Overcrowding and boredom are two of the main issues to address. Your chooks should have at least 4 sq ft of space each in their coop, and ideally, plenty of room to roam outdoors.
Other living conditions to look at include making sure your hens have enough nest boxes; you should provide a minimum of one per every four hens.
They should always have plenty of fresh water available, too. A thirsty chicken might crack open an egg if they have a need to quench that thirst.
Related content – how much water do chickens drink?
Chickens also need somewhere dark, quiet and private to lay eggs – and who can blame them? Failure to provide somewhere meeting these conditions may result in bad laying practices.
Is It Good for Chickens to Eat Eggs?
If your chickens are eating their eggs, you have nothing to worry about from a health viewpoint. It’s more the issue that it’s just not a good habit and that we want the eggs as to why we should stop them.
Eggs provide a good amount of nutrition and are particularly good for sick or injured chicks. After all, egg yolk was their source of nutrition while they were in an egg themselves.
The inside of the egg isn’t the only nutritional part of the egg, either. Some backyard chicken keepers feed their chickens crushed shells as they swear the calcium helps their chicks produce stronger eggs.
If you want to do this, just simply clean and dry out some eggshells after you’ve used the eggs. Then crush them into smaller pieces and add them to your chicken feeder.
How Do I Stop My Chickens From Eating Their Eggs?

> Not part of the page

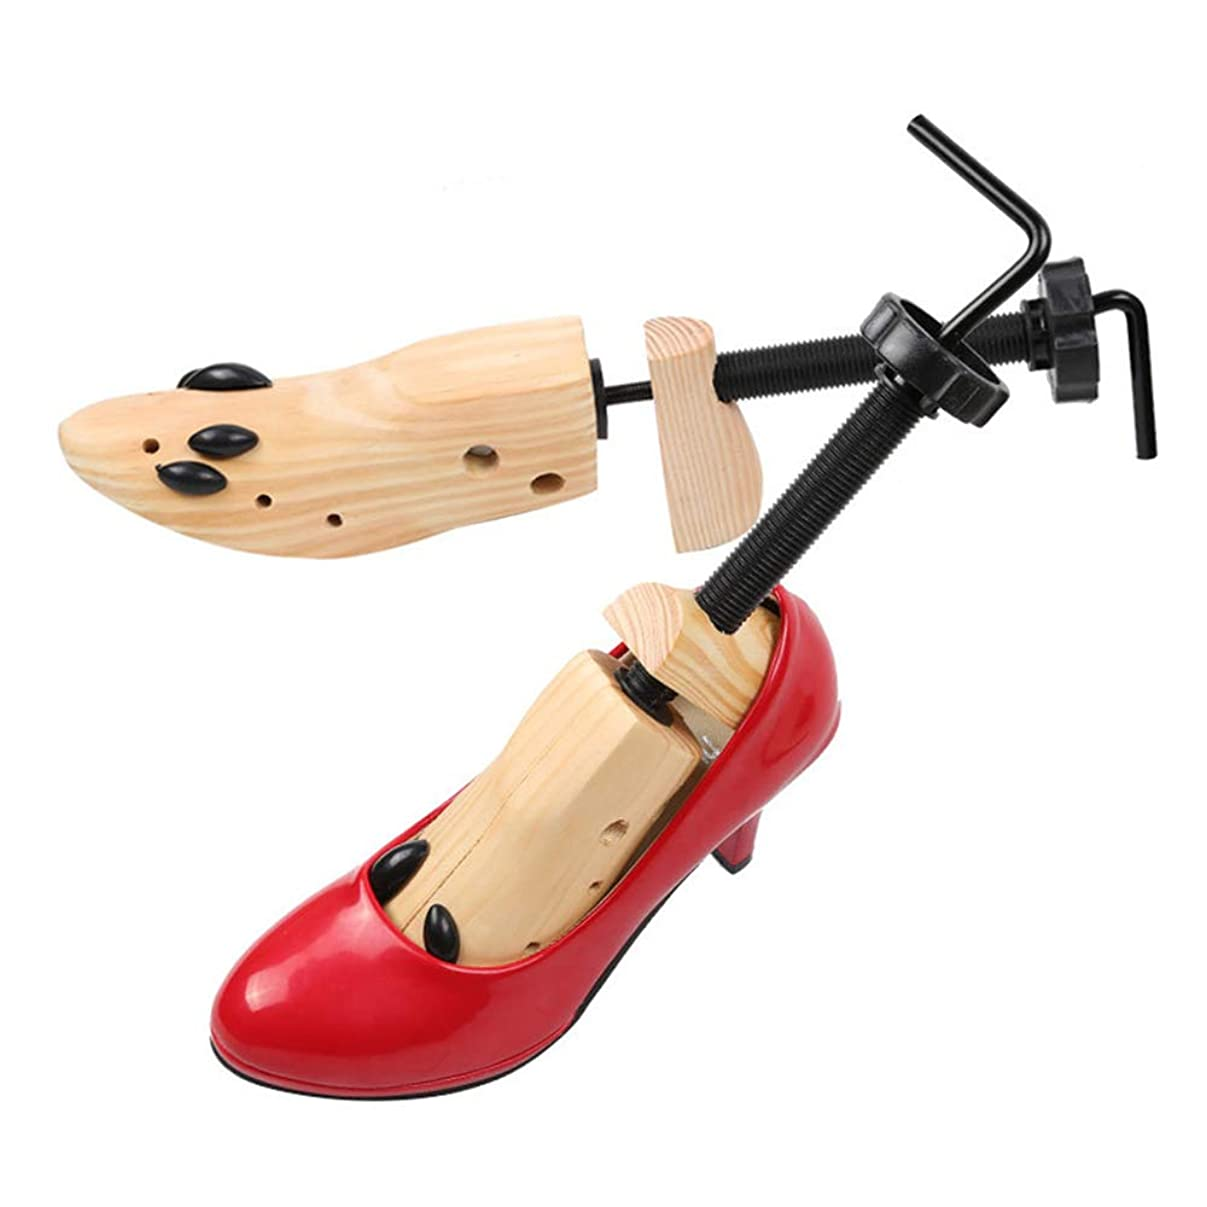 ドナーキリスト放射性LVESHOP 優れた専門の2方向木の靴の木、男性か女性のための木の靴担架のペア (Size : Medium)

As with most problems, preventing chickens from eating their own eggs is a lot easier than curing the problem once it’s started. Don’t let that scare you though, I’m sure you’ll find a solution.
Here are the three main areas to address to help resolve this issue:
Gather Eggs Frequently
If you have one or more hens known to have a taste or a penchant for breaking and eating eggs, the quicker you remove them from their coop the better.

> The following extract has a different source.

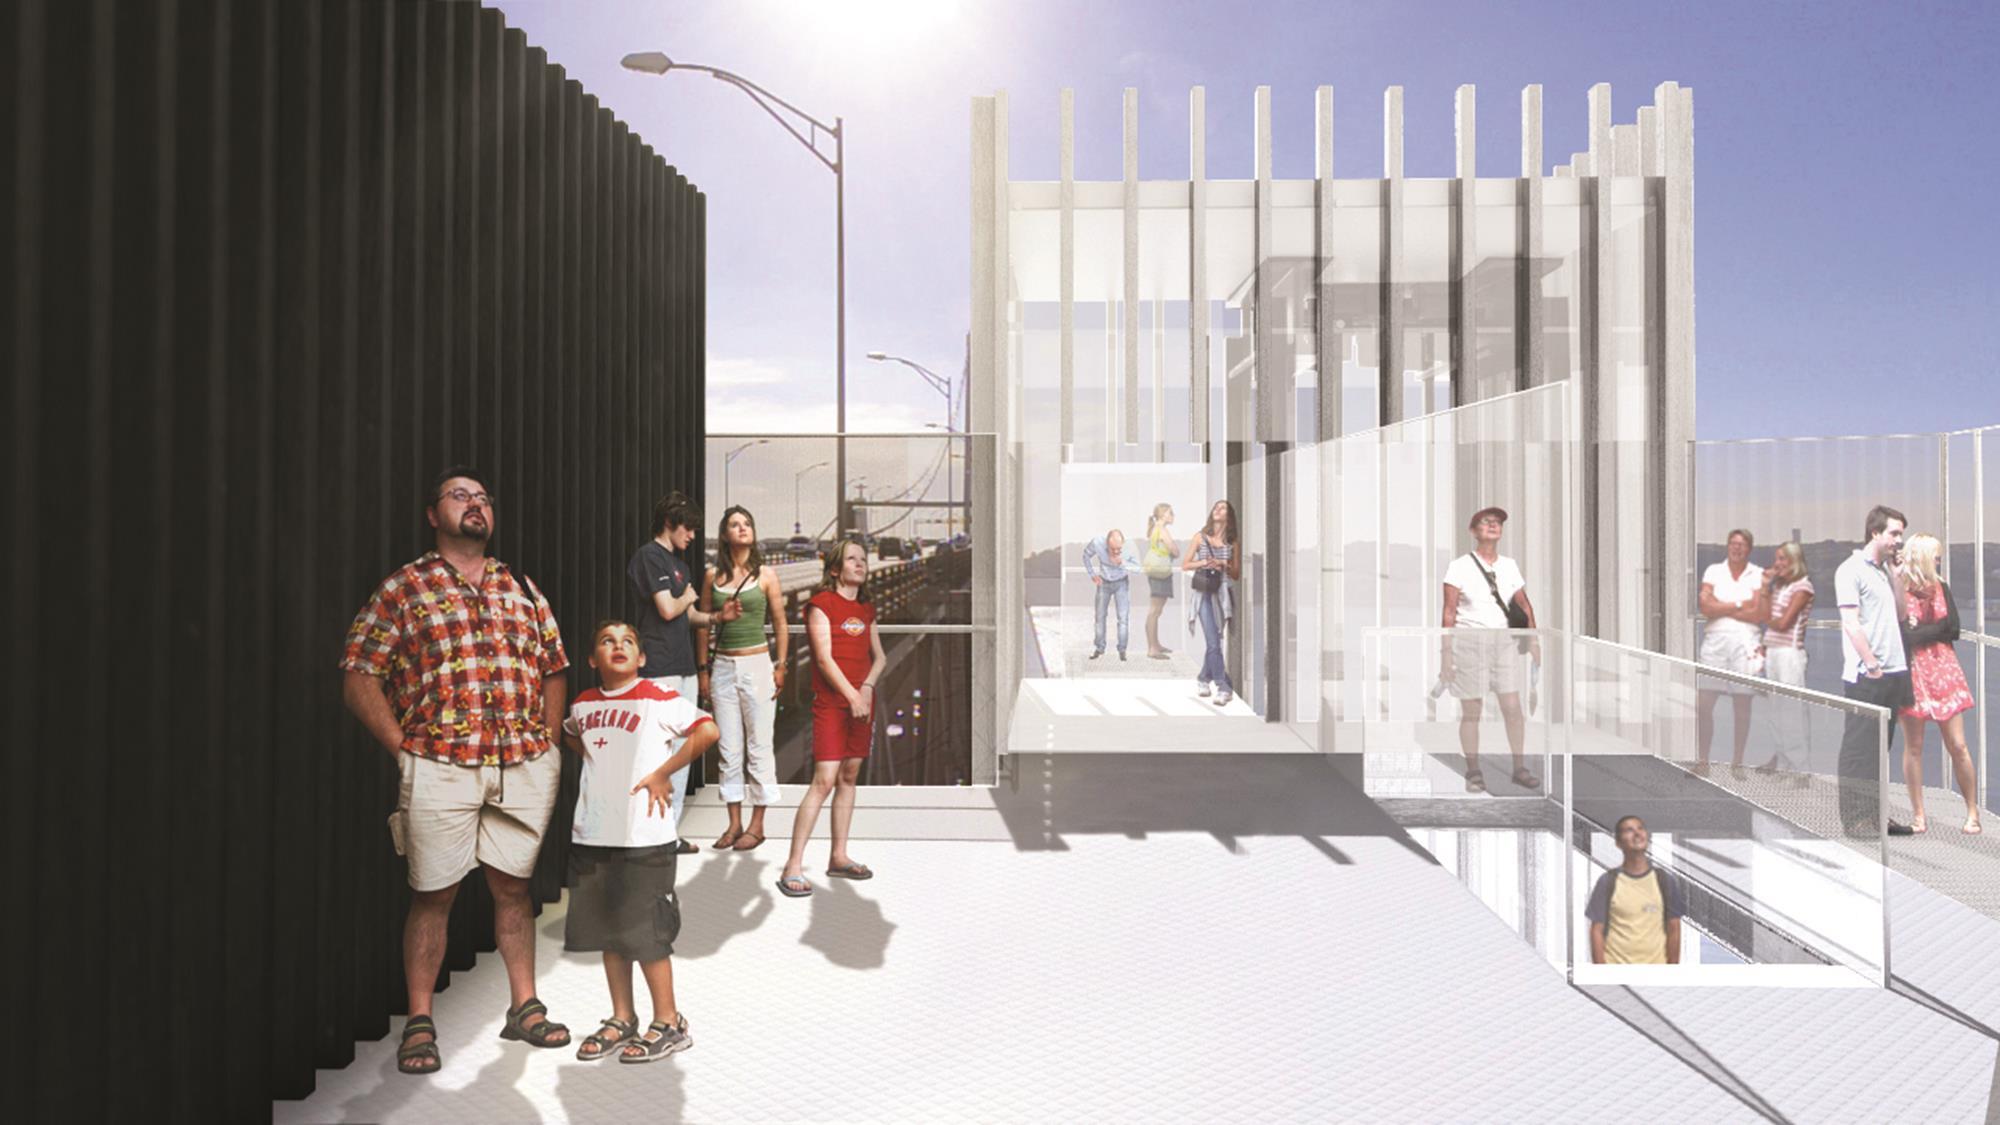 Centro Interpretativo da Ponte 25 Abril_ ©Imagens Projeto P-06 Atelier (12) (Copy)

You’ll probably need to do this in combination with some of the other things I’m covering. But checking for eggs more regularly and removing them is always a good idea.
Improve Their Living Conditions
Something within their living conditions is almost certainly going to be responsible. Look at the areas I covered above as possible reasons why they might be eating their eggs.

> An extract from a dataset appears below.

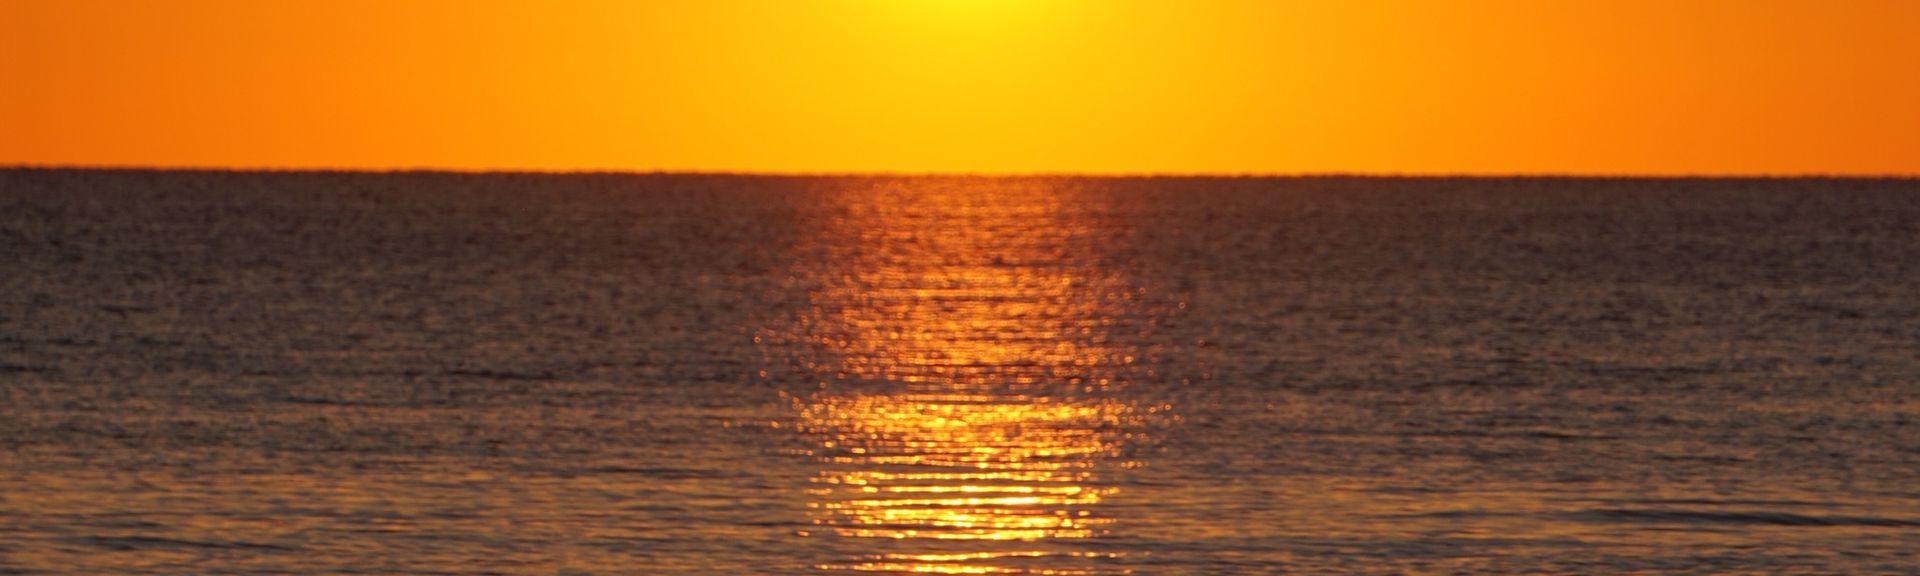 Island Sands (Fort Walton Beach, Florida, Verenigde Staten)

Ask yourself these questions;
- Do they have enough space and freedom?
- Are they bored and lacking socialization?
- Do they have enough nesting boxes to hold the eggs?
- Is there anything causing them stress?
If it’s time to pimp out their living conditions to increase their happiness and convenience, that’s what you’ll have to do.
Provide Plenty of Good Food and Water
A balanced diet is essential if you want your chickens to be healthy, happy, produce big eggs, and not pick up bad habits like eating their own eggs.
The RSPCA recommends providing chickens at least:
- A good quality poultry pellet as the main staple of their diet
- A variety of fresh fruits, vegetables (read about the benefits of radishes here), herbs (read about the benefits of parsley here), and other greens
- Table foods such as bread, pasta, oats, and other leftovers on occasion
For hens that are laying eggs, you should provide some shells for added calcium as I covered above. It’s an easy way to recycle eggshells too, so why not. That’s how I look at it.
Don’t forget to provide a big bucket of clean drinking water, too. Chickens need access to clean water at all times.
In this article, I’ve covered everything from why chickens start to eat their own eggs, some of the factors that contribute to this habit, and loads of ways you can stop it.
To help reassure you that it’ll be ok, I’ve never talked with someone that wasn’t able to overcome and correct this behavior. So, keep positive, try all the things I’ve covered in this article, and I’m sure you’ll put a stop to it.